Jaime Puerta’s 16-year-old son Daniel died four years ago after taking a counterfeit oxycodone pill made with pure fentanyl, the illicit opioid drug, that he purchased from a dealer he found on Snapchat. In 2022, Puerta sued Snapchat in a wrongful death lawsuit. At the time, his lawsuit was one of the first to accuse social media of posing a danger to children’s health.
Now there are hundreds of such lawsuits against social media platforms, alleging teenagers across the country have been harmed from exposure to social media, according to Matthew Bergman, the founder of the Social Media Victims Law Center, from where many of these lawsuits have been filed. In some of the cases, families allege their children used social media to buy drugs; in other cases, parents say their teens saw dangerous content and harmed themselves.
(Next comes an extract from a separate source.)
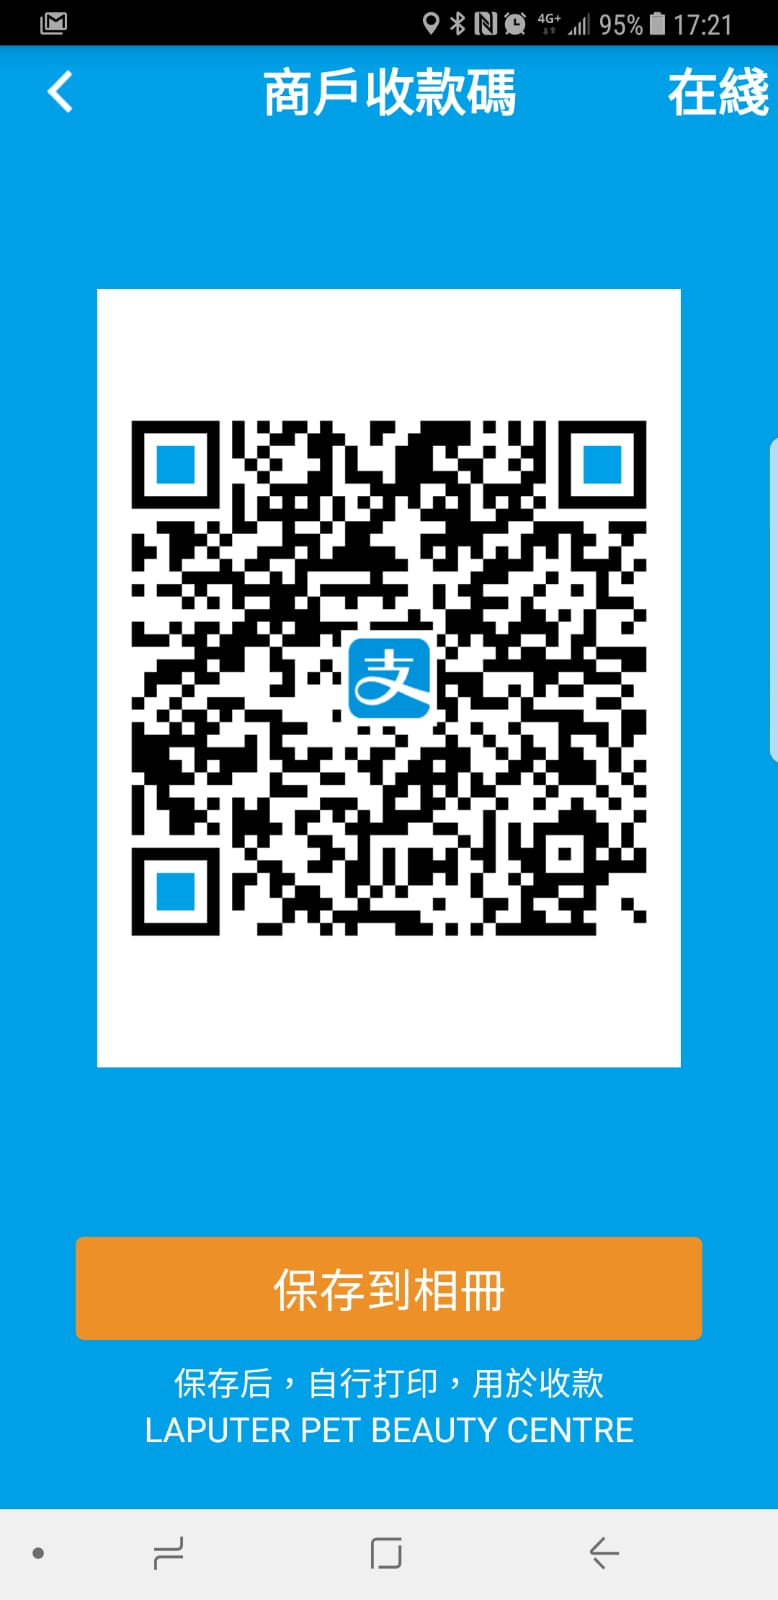 395349c4-8a32-40f3-864e-4e148f31b3b3.jpg

There is a range of harms and heartbreak alleged in the filings.
Meta, TikTok and Snapchat outline on their websites that they prohibit content that promotes self-harm and the sales of prescription and opioid drugs. The platforms also have tools that allow parents to set time limits for their teens on the apps, verify user ages and restrict who they can message.
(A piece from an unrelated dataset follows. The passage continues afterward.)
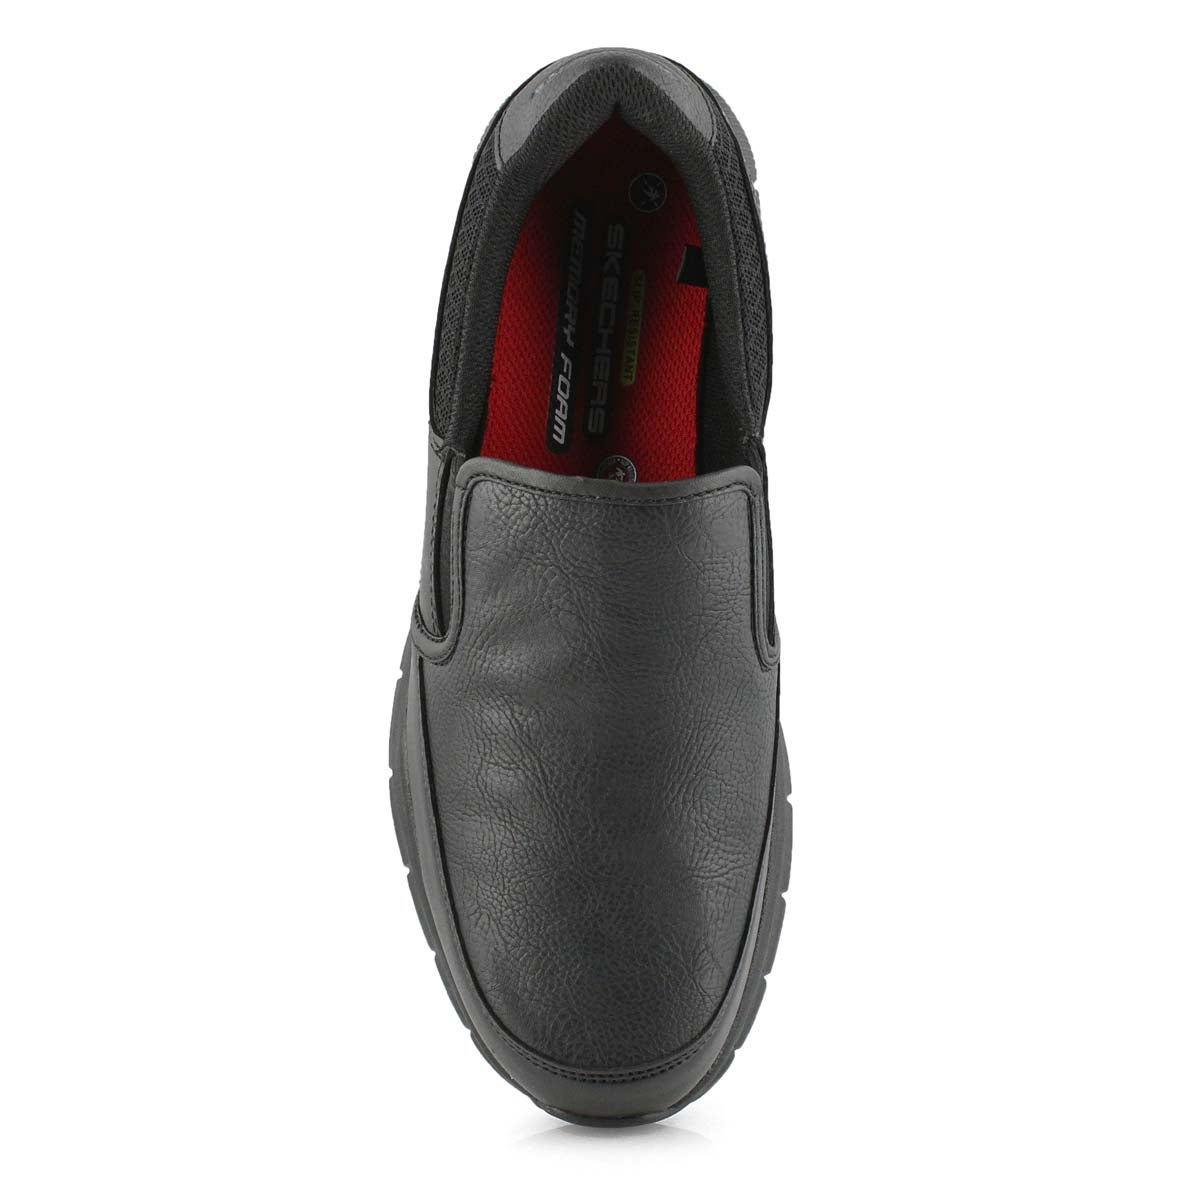 Mns Nampa Groton blk slip resistant shoe

The lawsuits against various tech companies are still pending.
Koukichi Takahashi/Adobe Stock
“We want to reassure every parent that we have their interests at heart in the work we’re doing to help provide teens with safe experiences online,” a Meta spokesperson told CNN. “These are complex issues but we will continue working with experts and listening to parents to develop new tools, features and policies that are effective and meet the needs of teens and their families.”
The social media companies filed motions to dismiss some of the cases under the First Amendment and Section 230, which states that tech companies cannot be held liable for some of the content that users post to their platforms. However, some cases, including with Puerta’s lawsuit, have already been approved to move forward in the court of law. All cases are still pending.
Snap did not comment on the status of some of the lawsuits but directed CNN to its community guides. TikTok did not respond to a request for comment.
But with little movement in the courts or from lawmakers and drawn-out battles with regulators against Big Tech, some of those grieving families are looking elsewhere for progress. Instead of waiting for others to act, they are now teaming up with nonprofits, starting their own organizations and connecting with each other to try to save children across the country.
“All I am is a bereaved father who wants to make sure this doesn’t keep happening,” Puerta told CNN. “My son made a mistake [on social media] but it shouldn’t have cost him his life.”
Soon after Daniel died, Puerta founded an organization called VOID – Victims of Illicit Drugs – which offers parents and educators resources about the dangers of fentanyl-laced drugs and social media.
Jaime Puerta said he has met with police departments, government agencies and schools to discuss the dangers of social media platforms.
Courtesy Jaime Puerta
He said he has met with the Los Angeles police department, the Central Intelligence Agency (CIA), Homeland Security and other government agencies to address the topic. He also hosts student assemblies at high schools where he screens a short film that follows four families, including his own, who lost children to fentanyl-laced drugs purchased on social media platforms.
According to the Centers for Disease Control and Prevention (CDC), nearly 80,000 people died from opioid overdoses in the US in 2022, many of which came from fentanyl and other synthetic drugs. Some drug traffickers advertise on social media platforms often via 24-hour disappearing posts, along with code words and emojis to evade law enforcement and platform algorithms, according to the Drug Enforcement Administration.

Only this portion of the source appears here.